Section 302A.673 of the MBCA generally prohibits any business combination by us, or any subsidiary of ours, with any shareholder that beneficially owns 10% or more of the voting power of our outstanding shares (an “interested shareholder”) within four years following the time the interested shareholder crosses the 10% stock ownership threshold, unless the business combination is approved by a committee of disinterested members of our board of directors before the time the interested shareholder crosses the 10% stock-ownership threshold.
Section 302A.675 of the MBCA generally prohibits an offeror from acquiring our shares within two years following the offeror’s last purchase of our shares pursuant to a takeover offer with respect to that class, unless our shareholders are able to sell their shares to the offeror upon substantially equivalent terms as those provided in the earlier takeover offer. This statute will not apply if the acquisition of shares is approved by a committee of disinterested members of our board of directors before the purchase of any shares by the offeror pursuant to the earlier takeover offer.

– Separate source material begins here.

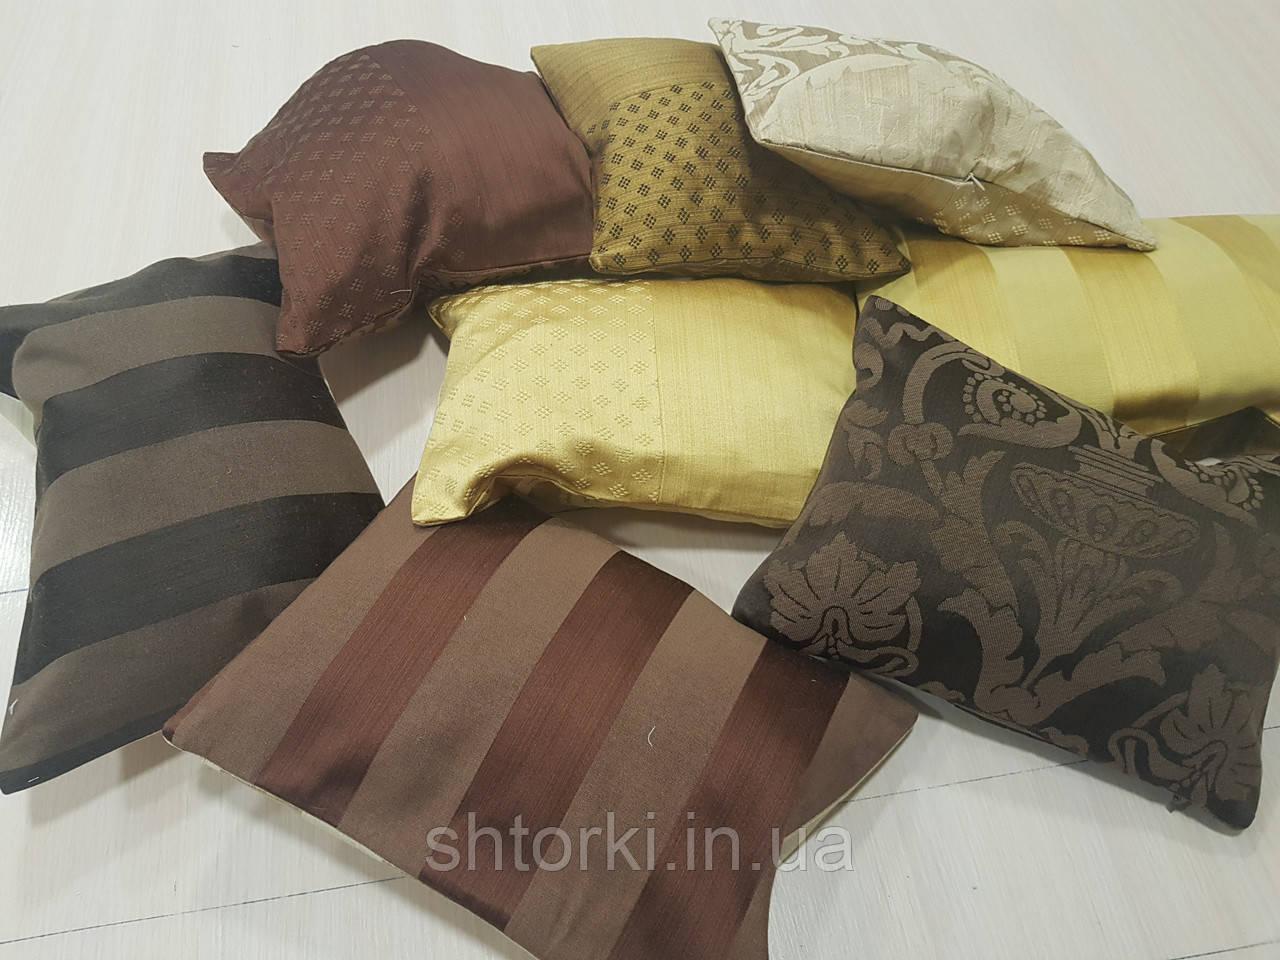 Комплект подушек золото, шоколад, коричневые 8шт

Nomination and Proposal Procedures
Our Bylaws establish advance-notice procedures with regard to the nomination by shareholders of candidates for election as directors. A shareholder of record must provide a written request of its candidate to our secretary not less than 60 nor more than 90 days before the first anniversary date of the preceding year’s annual meeting of shareholders, which notice must include certain information and representations regarding the shareholder and the candidate and the consent of such candidate to serve as a director if elected.
Our Bylaws establish procedures, including advance-notice procedures, with regard to shareholder proposals to be considered at an annual meeting of shareholders. In general, a shareholder must submit a written notice of the proposal to our secretary not less than 60 nor more than 90 days before the first anniversary date of the preceding year’s annual meeting of shareholders, which notice must include certain information and representations regarding the shareholder and the proposal.
Special Meetings of Shareholders; Shareholder Action by Written Consent
Section 302A.433 of the MBCA and our Bylaws provide that special meetings of the Company’s shareholders may be called by the Company’s Chairman of the Board, Chief Executive Officer, Chief Financial Officer, two or more directors, or shareholders holding 10% or more of the voting power of all shares entitled to vote, except that a special meeting called by shareholders for the purpose of considering any action to directly or indirectly facilitate or effect a business combination, including any action to change or otherwise affect the composition of our board of directors for that purpose, must be called by 25% or more of the voting power of all shares entitled to vote. Section 302A.441 of the MBCA also provides that action may be taken by shareholders without a meeting only by unanimous written consent.
Amendment of Bylaws
Our board of directors can adopt, amend or repeal our Bylaws, subject to limitations under the MBCA. Under the MBCA, our shareholders also have the power to change or repeal our Bylaws.